── Source data
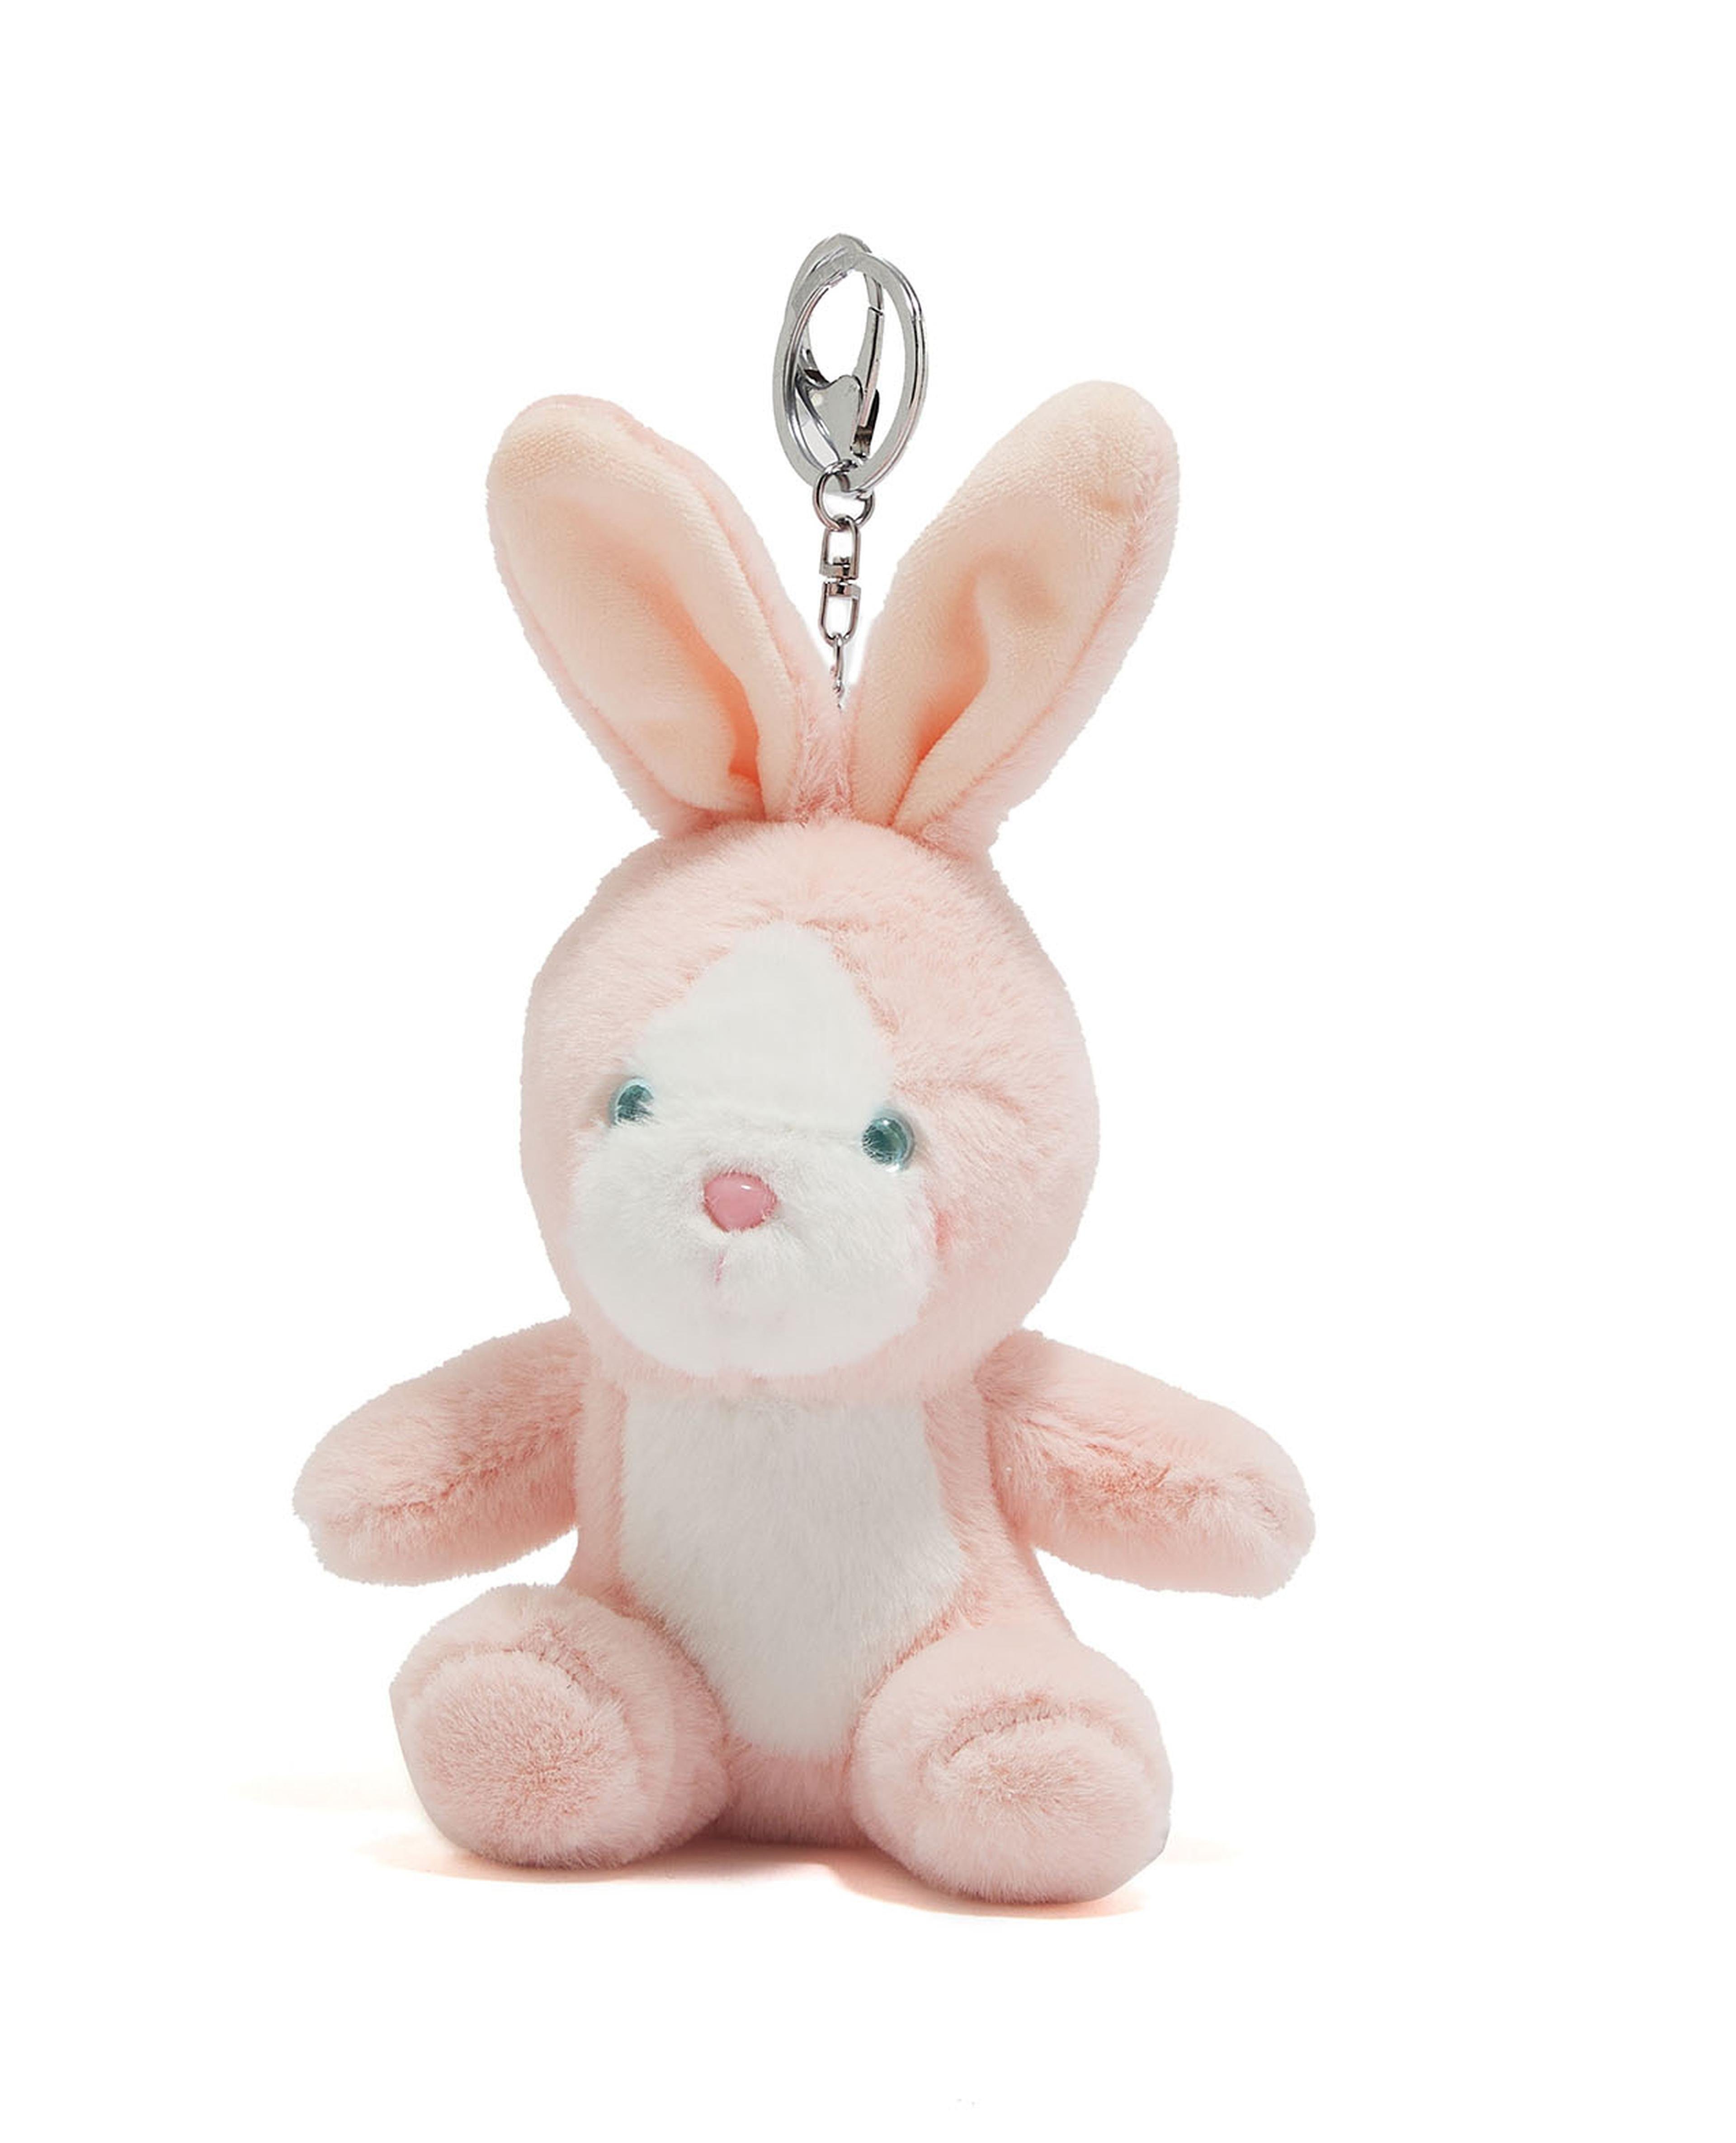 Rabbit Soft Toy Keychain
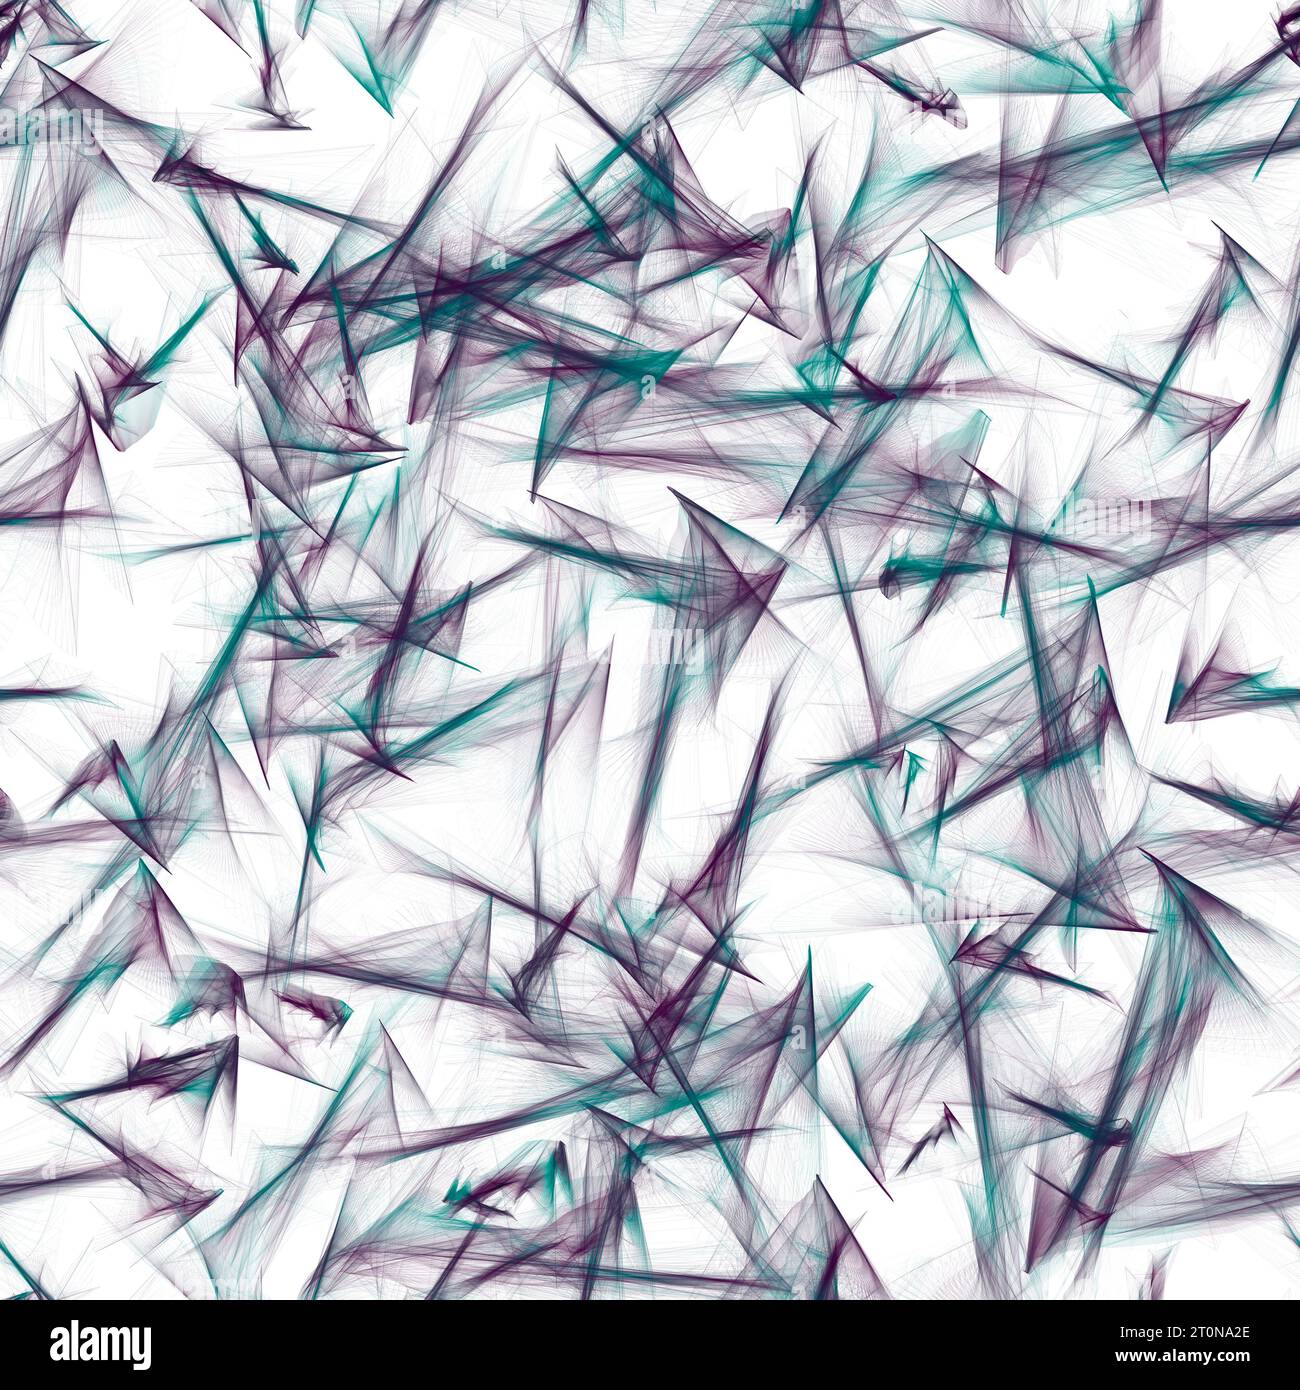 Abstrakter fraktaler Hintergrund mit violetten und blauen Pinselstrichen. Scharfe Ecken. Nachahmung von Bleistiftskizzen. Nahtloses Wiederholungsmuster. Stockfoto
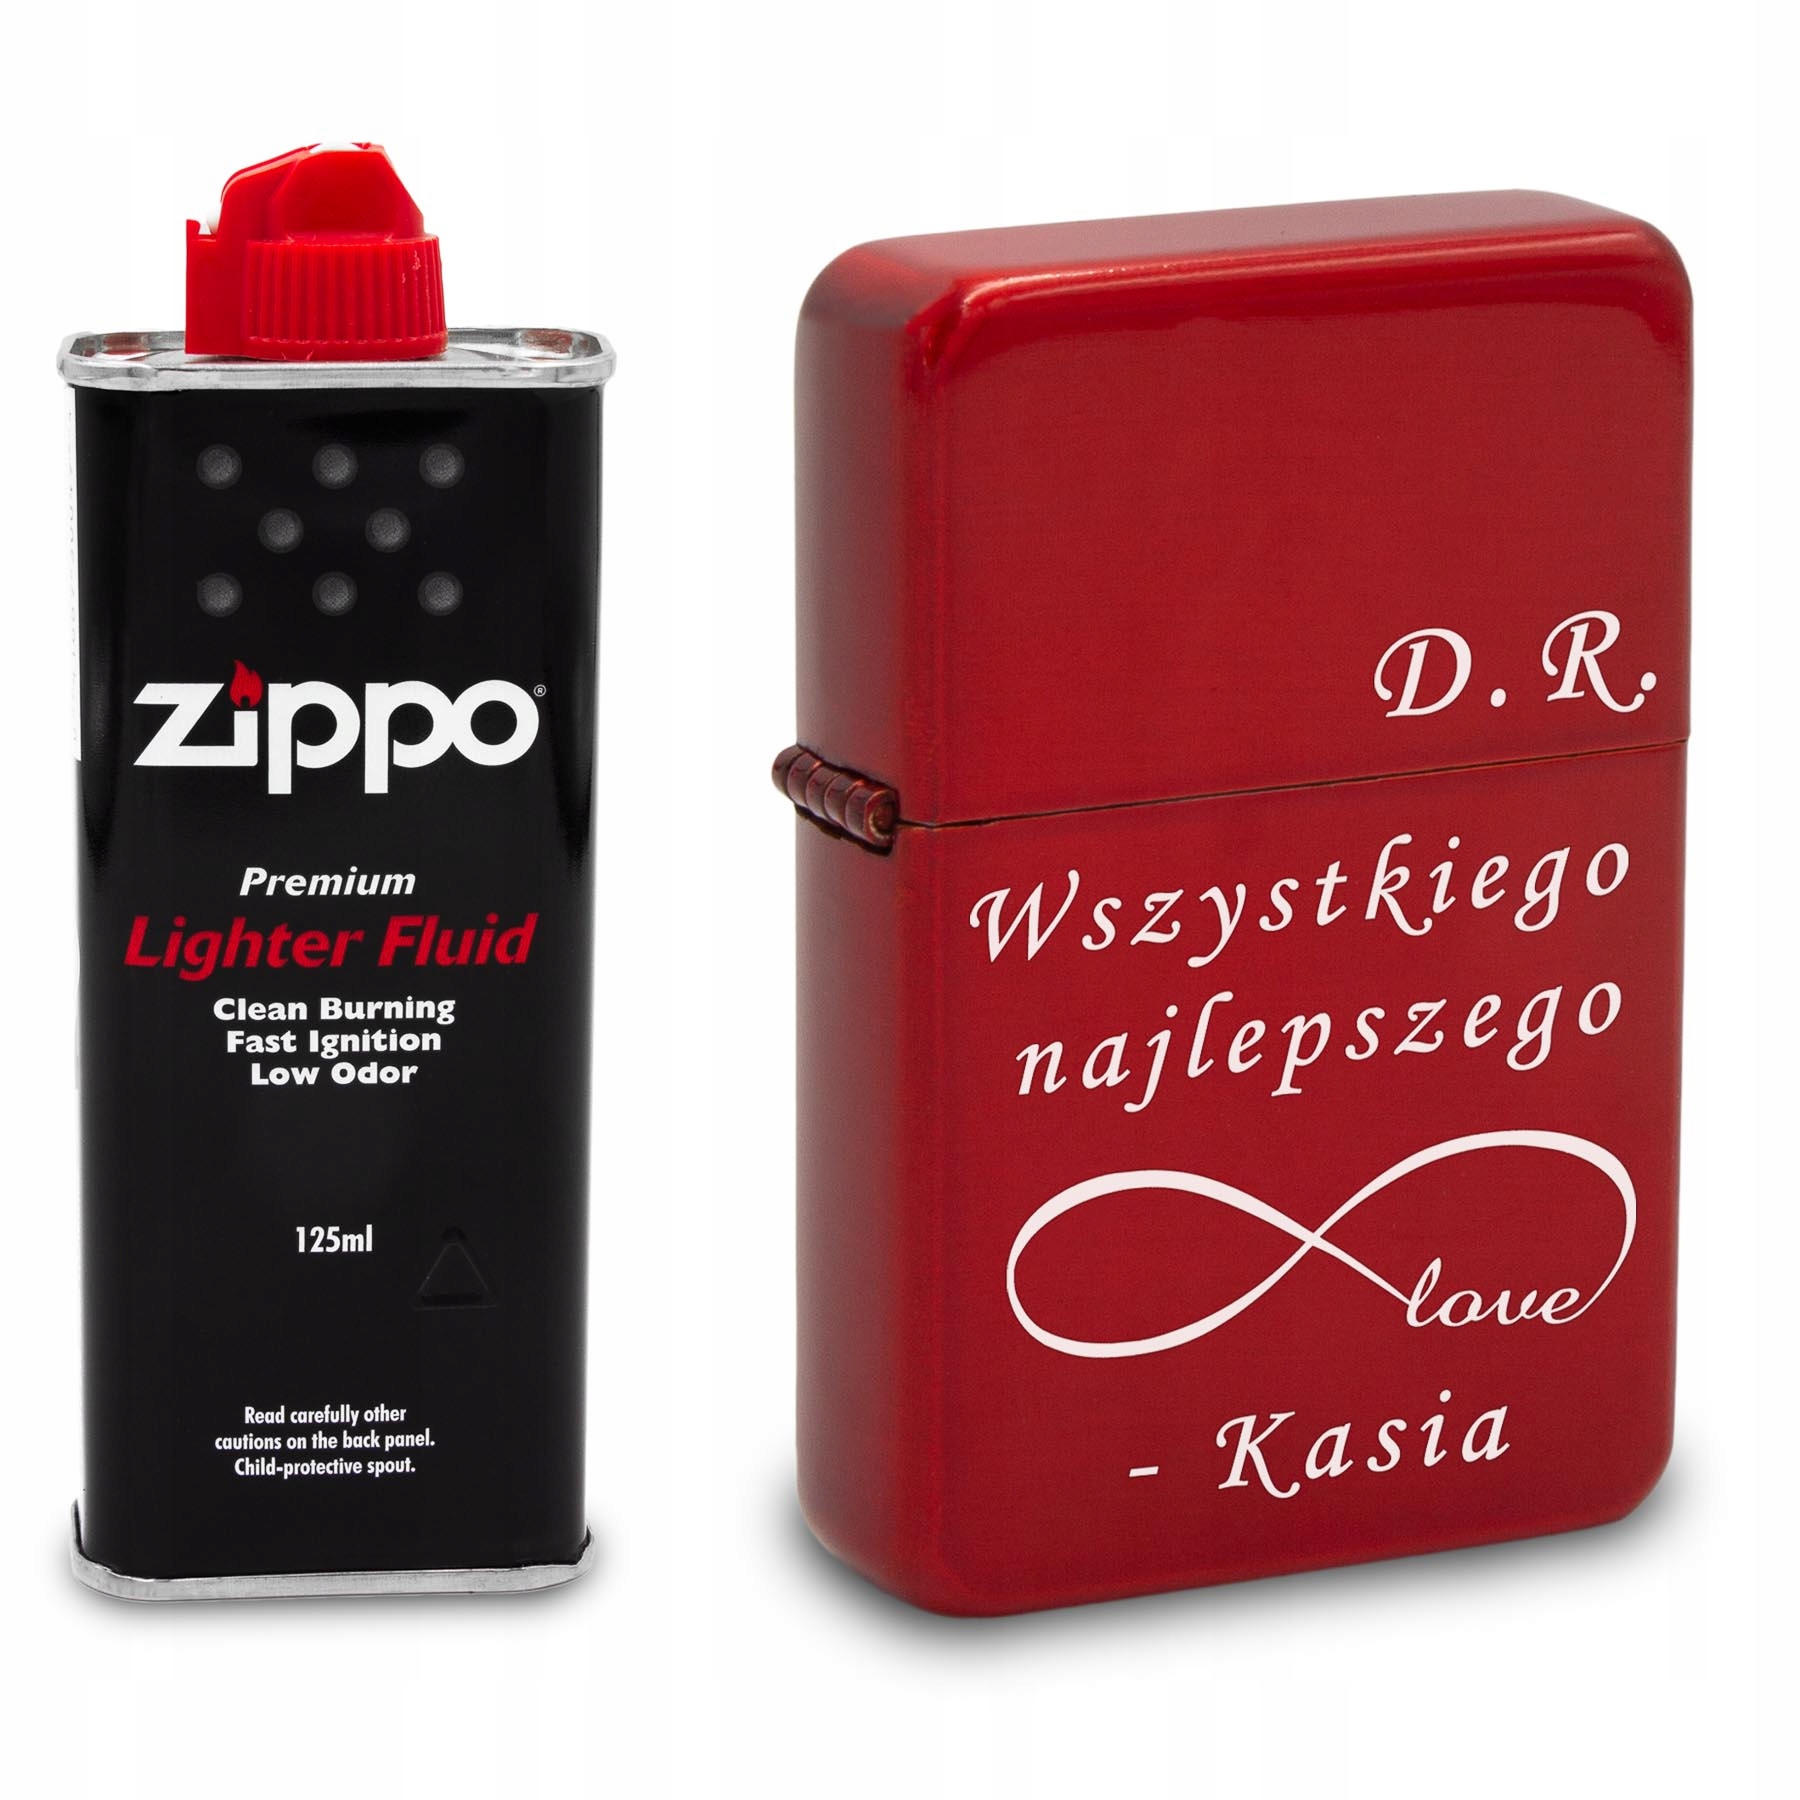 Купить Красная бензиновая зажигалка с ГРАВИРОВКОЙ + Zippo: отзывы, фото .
────
▸ **Task goal**
An exact, image-free transcript of the material is required.

▸ **Reply to the exercise**
 Rabbit Soft Toy Keychain
 Abstrakter fraktaler Hintergrund mit violetten und blauen Pinselstrichen. Scharfe Ecken. Nachahmung von Bleistiftskizzen. Nahtloses Wiederholungsmuster. Stockfoto
 Купить Красная бензиновая зажигалка с ГРАВИРОВКОЙ + Zippo: отзывы, фото .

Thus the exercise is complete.